To be familiar with our friends—to delight in their particular selves—is to accept them, without any desire to change or improve them. Friends inspire our love, loyalty, and enjoyment, and should not be expected to behave in certain ways or exhibit useful skills. This is why Oakeshott sees friendship as a distinctly conservative disposition: it works with the grain of humanity, affirming messy complexity while eschewing progressive visions of transformation.  

This also applies to the realm of opinions. We need not look to our friends to hold specific views or expect them to change their minds according to our preferences. Friendship in general, and intellectual friendship in particular, proceeds from a ready acceptance of others. This doesn’t mean agreement or approval, but stands as the condition of intimacy and mutual growth. To share something of ourselves, including our ideas, is to suggest pathways of wisdom, not to enforce compliance. At a time of polarization and online echo chambers, it is more important than ever to retrieve the virtue of friendship across ideological differences. 

For ambitious young people, the non-utilitarian dimension of friendship is particularly significant. Our meritocratic culture can make it all too easy to conflate “connections” with friends and to confuse “networking” with sharing. Yale Law School professor Daniel Markovits has argued that a meritocratic system that penalizes deficiencies in skill and effort will generate resentment and ultimately destructive political outcomes. On the level of friendship, I also wonder if meritocracy is a corrosive force, recasting potential friends as professional rivals who might alternately aid or impair our advancement.  

It is not easy to escape the logic of transactional relationships on campus or in our careers, but we might draw some helpful starting points from a focus on friendship as a bond of familiarity. We should not require that our friends embody merit or usefulness. Of course, higher education and early adult life will bring us into contact with such people, but we must remember that this is also a season for enjoyment and experimentation. We should ask not what our friends can do for us, but whether they inspire delight and devotion on account of the relationship itself. Above all, we should accept our friends for who they are, not only because this will produce closer ties, but also because the habit of valuing something for its own sake will be fruitful in other contexts. 

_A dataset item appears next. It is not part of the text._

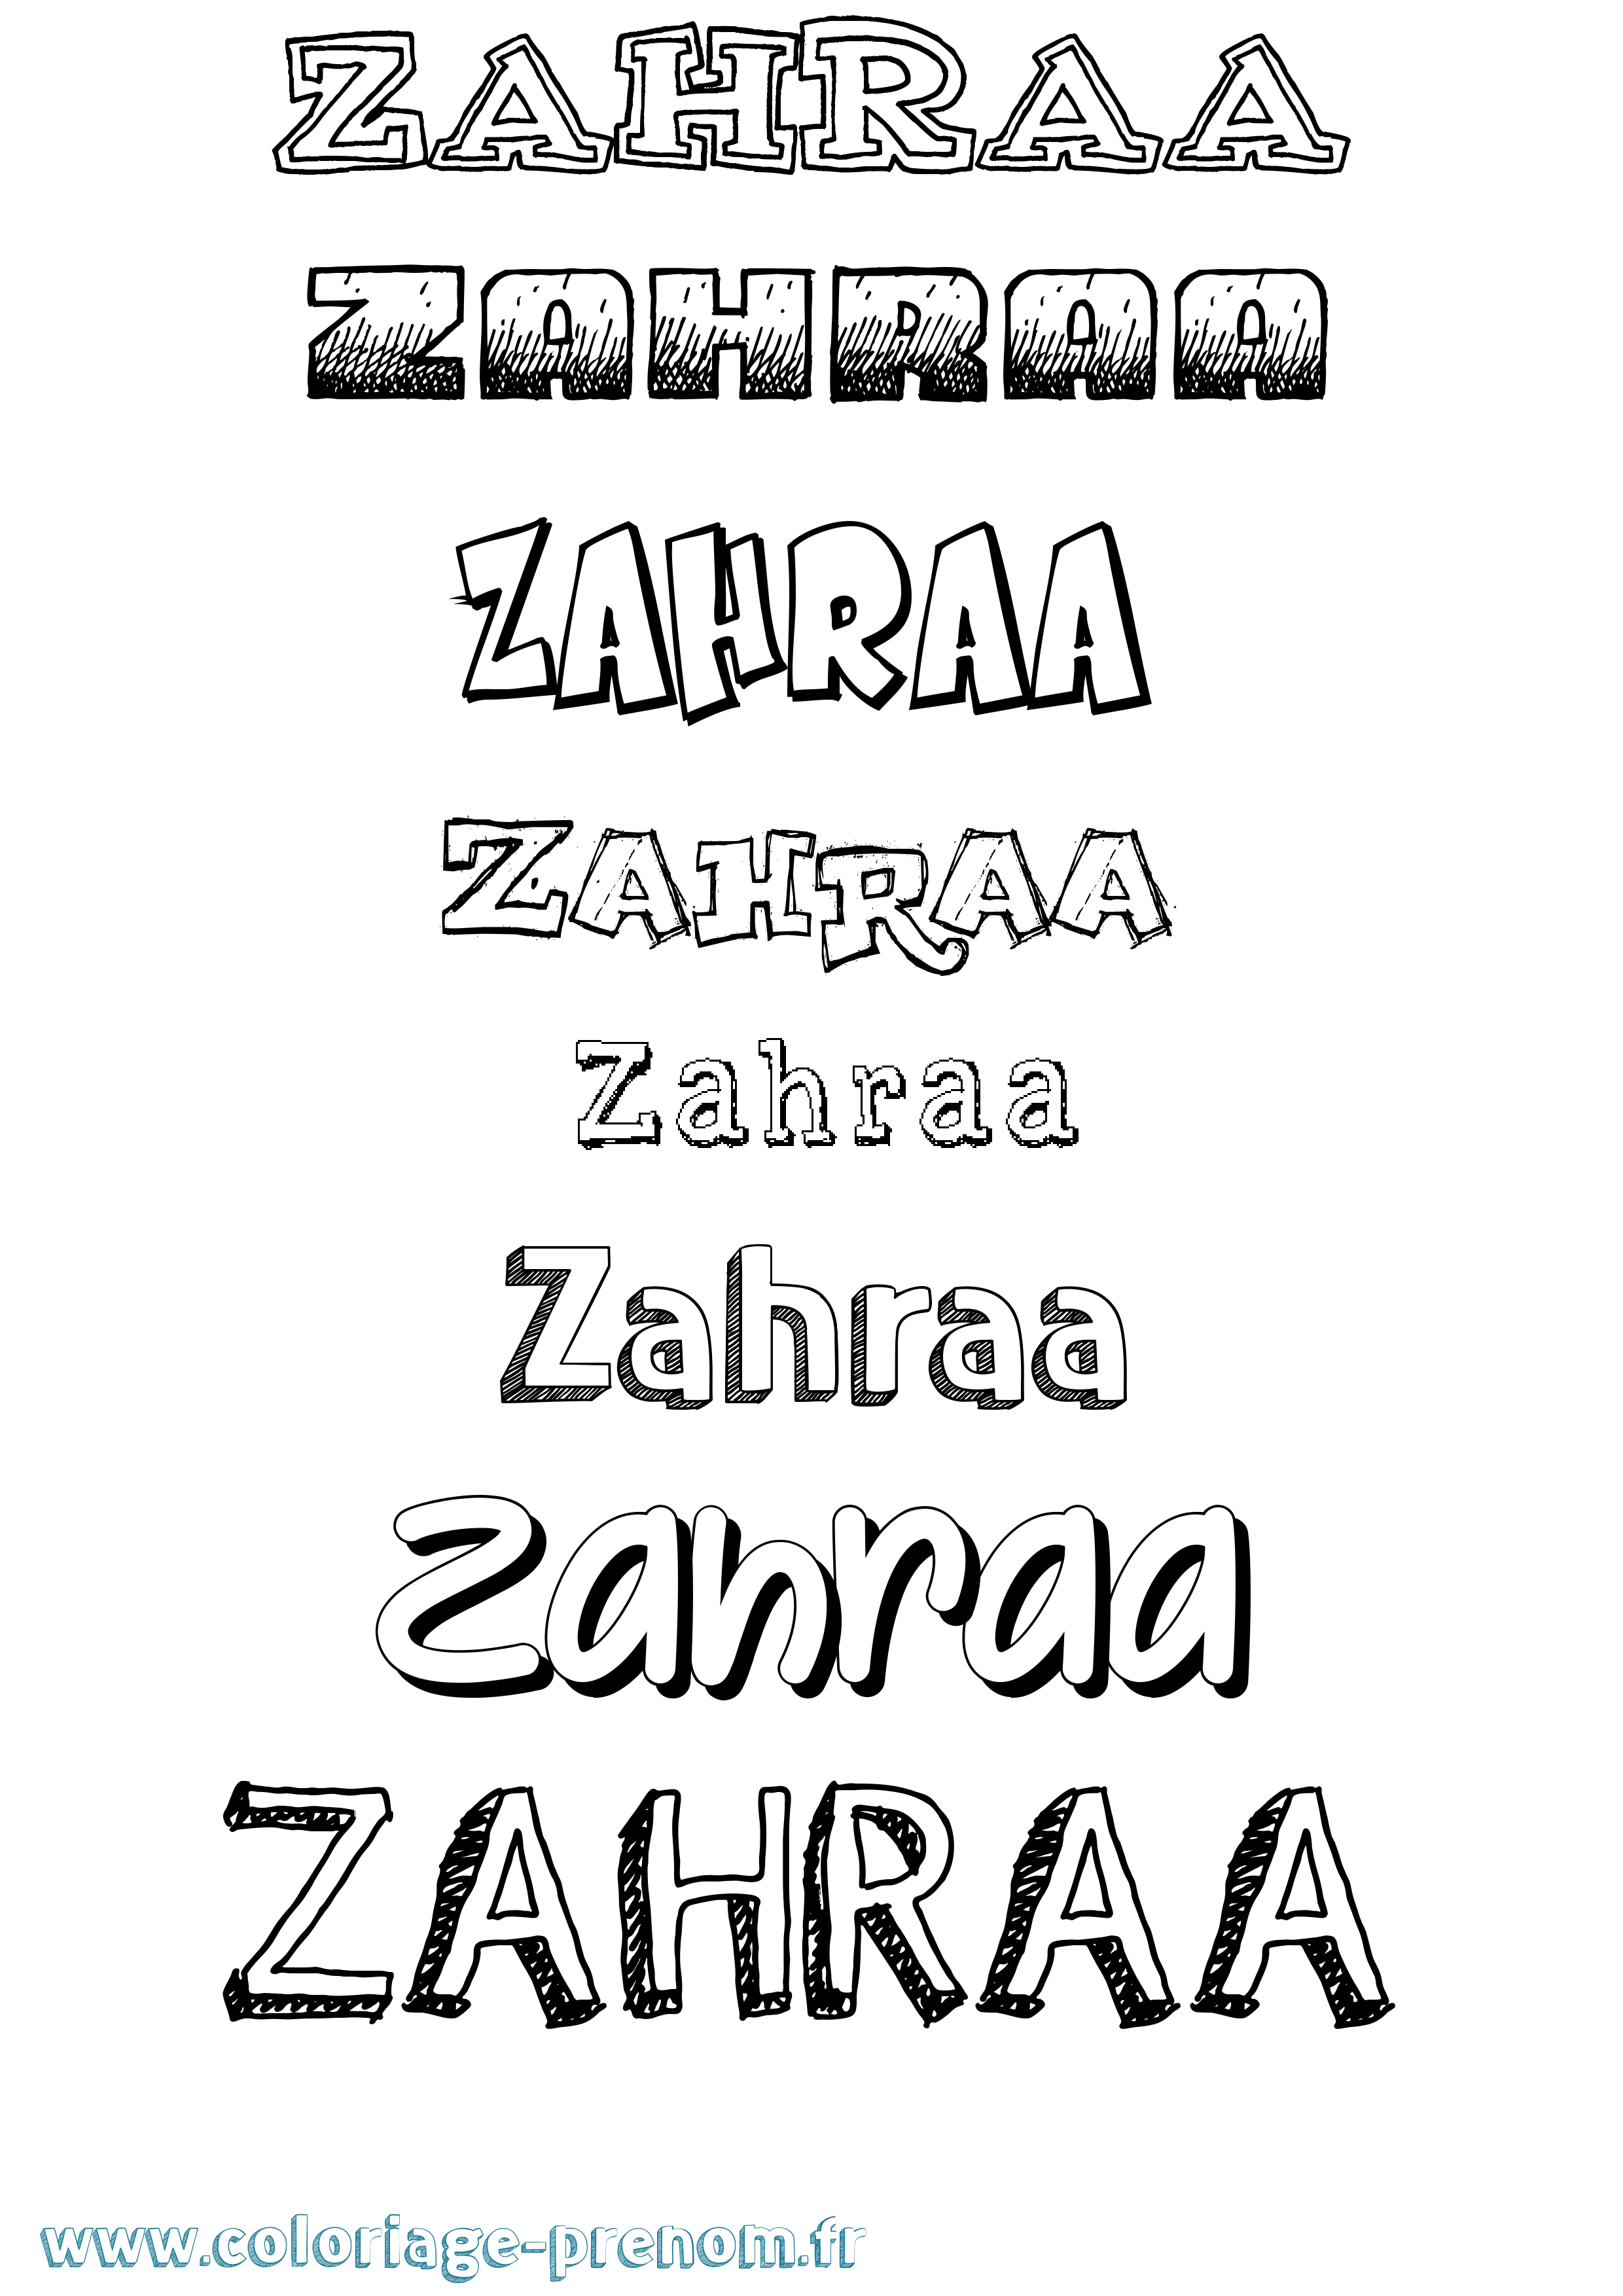 Coloriage prénom Zahraa Dessiné

Friendships provide us with roots and connections in a world that is, especially for young people, so often unsettled.

 

Family 

I began with the question of how young professionals might be expected to make and keep friendships while attending to expanding responsibilities at home or at work. But my own experience of marriage and family has suggested that this is not quite the right way to think about the issue. It is precisely because of the nature of friendship that it is so valuable in helping us navigate the proliferating burdens of adult life. Friends don’t prevent us from focusing on other life goals; they enlarge our scope for navigating them.  

If friends accept and delight in one another, without expecting anything in return, they will be positioned to bear the weight of provocations that other relationships might not easily sustain. In this way, the playfulness of friendship turns out to encompass a profound dimension, too. We sometimes need to be able to play, to blow off steam, or to explore half-formed ideas in ways that might be unwise to replicate with a spouse or family member. Friends have a certain freedom to share ideas or engage the imagination, without expecting to achieve a specific goal.  

In the end, friendships provide us with roots and connections in a world that is, especially for young people, so often unsettled. We make friends with particular people in particular circumstances, and for this reason we should not allow ourselves to be distracted by what is remote and abstract. We should delight in and give thanks for those we can know, love, and enjoy in reality. These other selves are not always agreeable, or meant to be profitable, but they will be irreplaceable.